After we exchanged rings and kissed, we exited triumphantly to “Just Like Heaven” by the Cure, followed by our Adventuring Party. Because I wasn't changing my name or using “Mrs.” we had my dad announce us with our preferred terminology: “Presenting for the first time as husband and wife, Ms. Melodie MyLastName and Mr. Taylor HisLastName.”

Pro tip: even if you can't afford a videographer (we couldn't), designate a friend with a good phone to use a tripod and take a simple video of your ceremony. We did and I'm so grateful – I've probably watched it twenty times by now.

Tell us about the DIY queer wedding reception:

We decided to have a dry wedding because of my family's religious beliefs, so we worked overtime to make sure guests were comfortable socializing and having a good time. We provided fun signature mocktails and gave each table a sealed envelope with an enclosed “Quest(ionnaire)” that challenged them to learn about other guests.

We served fun, crowd-friendly food: taco bowls and donuts! People say no one will dance at a dry wedding, but I don't think I've ever had as much fun dancing as we did that night – the trick is for the bride and groom to be on the dance floor having a great time. I had a playlist on an iPad that I adjusted on the fly to match the vibes, and we did a lot of classic silly dances like the Cupid Shuffle and Cha-Cha Slide. We also had plenty of thrifted board games available for people who didn't want to dance, and some of our friends played trivial pursuit all night!

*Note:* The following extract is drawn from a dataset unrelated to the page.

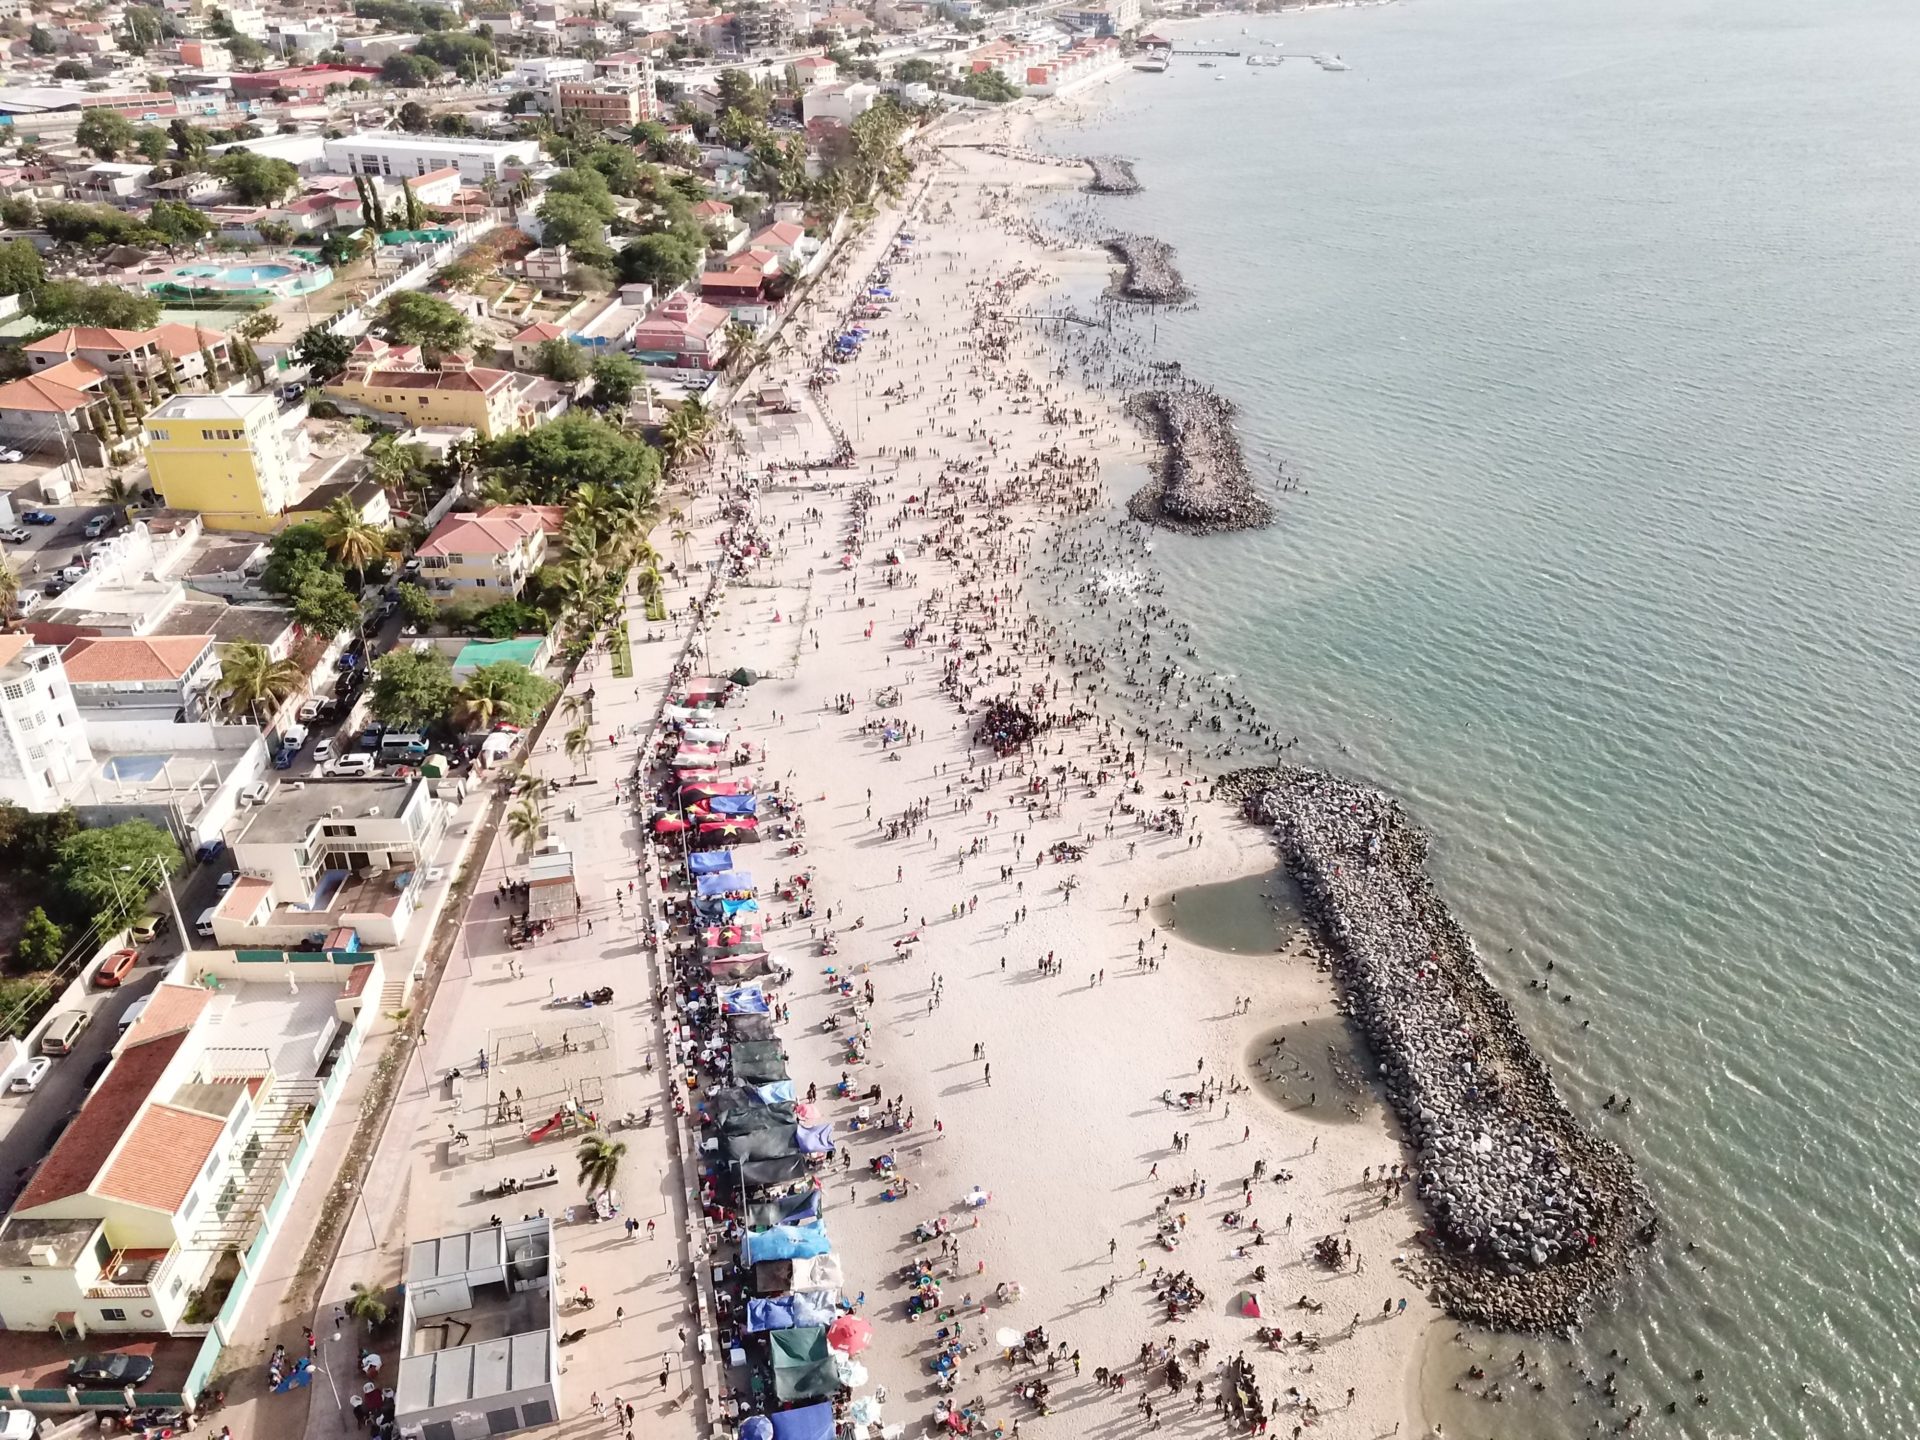 Aerial view of densely populated shoreline, Belas, Angola. Photo by Hermenegildo Sebastião on Unsplash

There were three magical moments on the dance floor:
1) Guests were supposed to roll a giant inflatable D20 during dinner to get us to kiss, but hardly anyone used it. Someone brought it on the dance floor during Taylor Swift's “22” and it turned into a giant kissing battle – roll 11 or higher and we kissed, roll 10 or lower and you kissed someone.
2) While we slow danced to “Kiss Me” our guests spontaneously turned on their phone flashlights and surrounded us in a swirl of dancing “fireflies.”
3) All the guests held hands in a circle and had a final dance to Semisonic's “Closing Time.”

What was the most important lesson you learned from your wedding?

Hire a day-of-coordinator! I put hundreds of hours into DIYs for this wedding and spent so much time stressing out about it. But once we hired a day-of-coordinator, it felt like a real adult was in charge and was here to help. You plan and live through a wedding once; she does it 3 times a week! My husband was hesitant to spend the money, but afterwards we agreed it's the best money we spent and he's become an evangelist telling everyone to hire one!

Also, make a wedding “mission statement.” When we first sat down we made a list of our values and priorities and turned it into a mission statement. Whenever we faced a difficult decision we measured it against the mission statement. It really helped us return to what mattered to us when Pinterest or the Wedding Industrial Complex had us second-guessing ourselves or lusting after things we didn't really want or need.